EXERCISE MATERIALS:
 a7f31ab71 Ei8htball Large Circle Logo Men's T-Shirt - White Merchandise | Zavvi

---

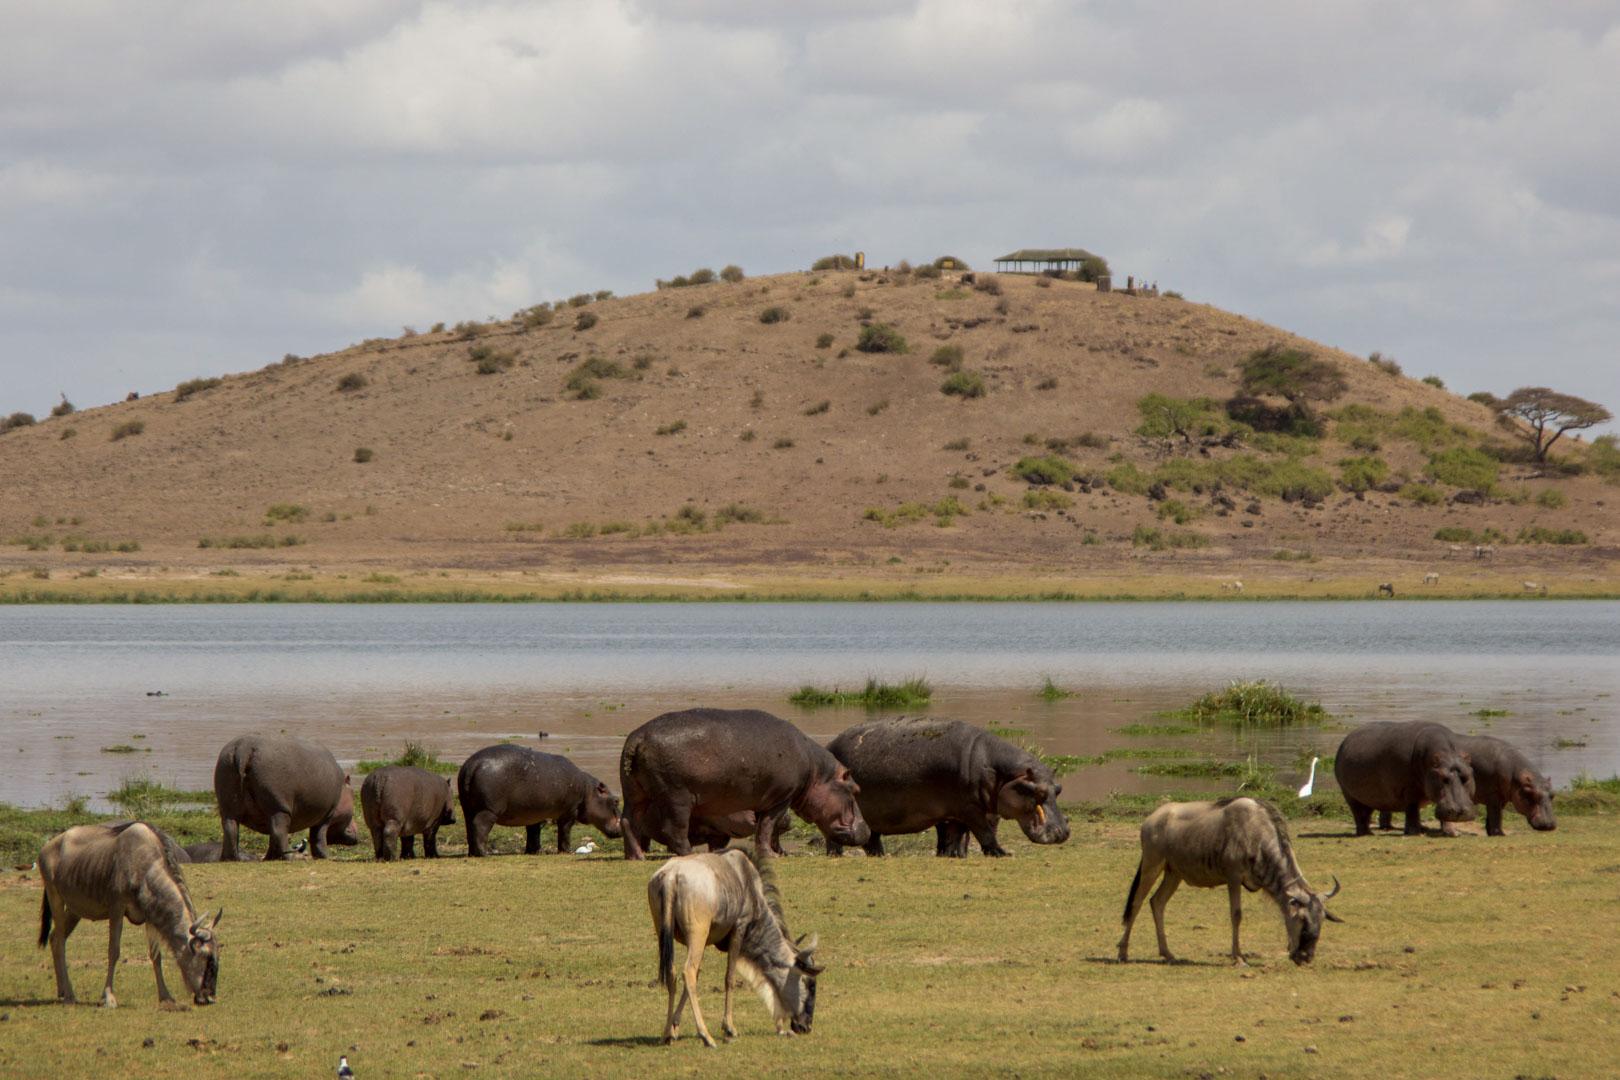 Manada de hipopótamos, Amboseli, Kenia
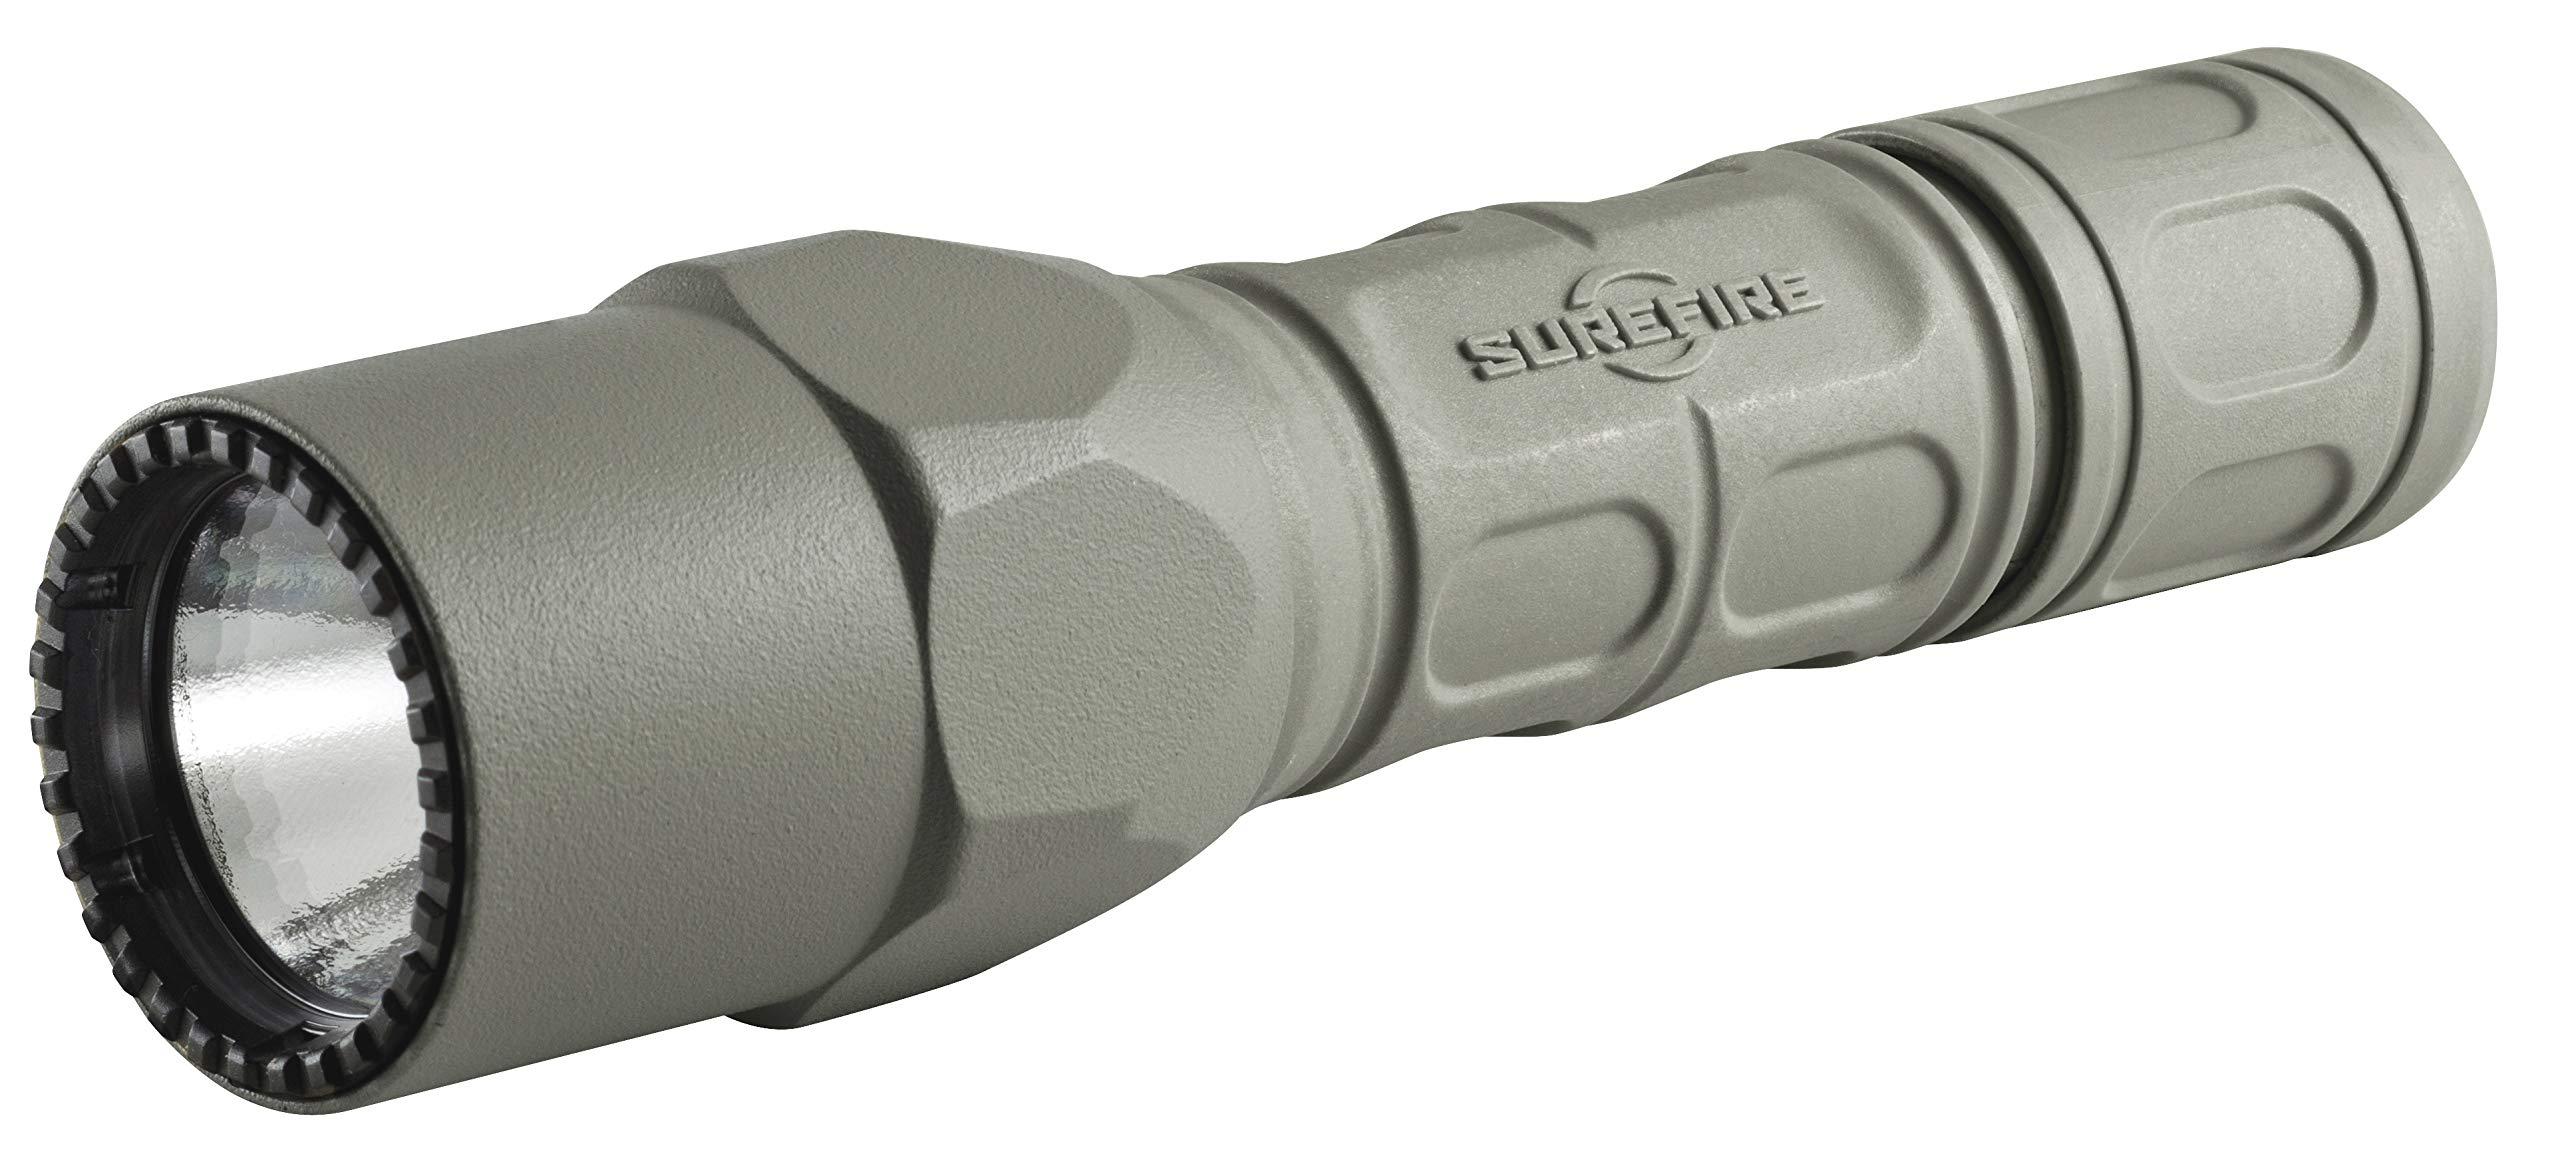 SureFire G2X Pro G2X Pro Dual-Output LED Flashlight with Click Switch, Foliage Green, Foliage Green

WORK REQUEST: Transcribe the lines above exactly, beginning at the one with "Manada de hipopótamos, Amboseli, Kenia" and ending at the one with "SureFire G2X Pro". Include both; exclude the pictures.

TASK SOLUTION:
 Manada de hipopótamos, Amboseli, Kenia
 SureFire G2X Pro G2X Pro Dual-Output LED Flashlight with Click Switch, Foliage Green, Foliage Green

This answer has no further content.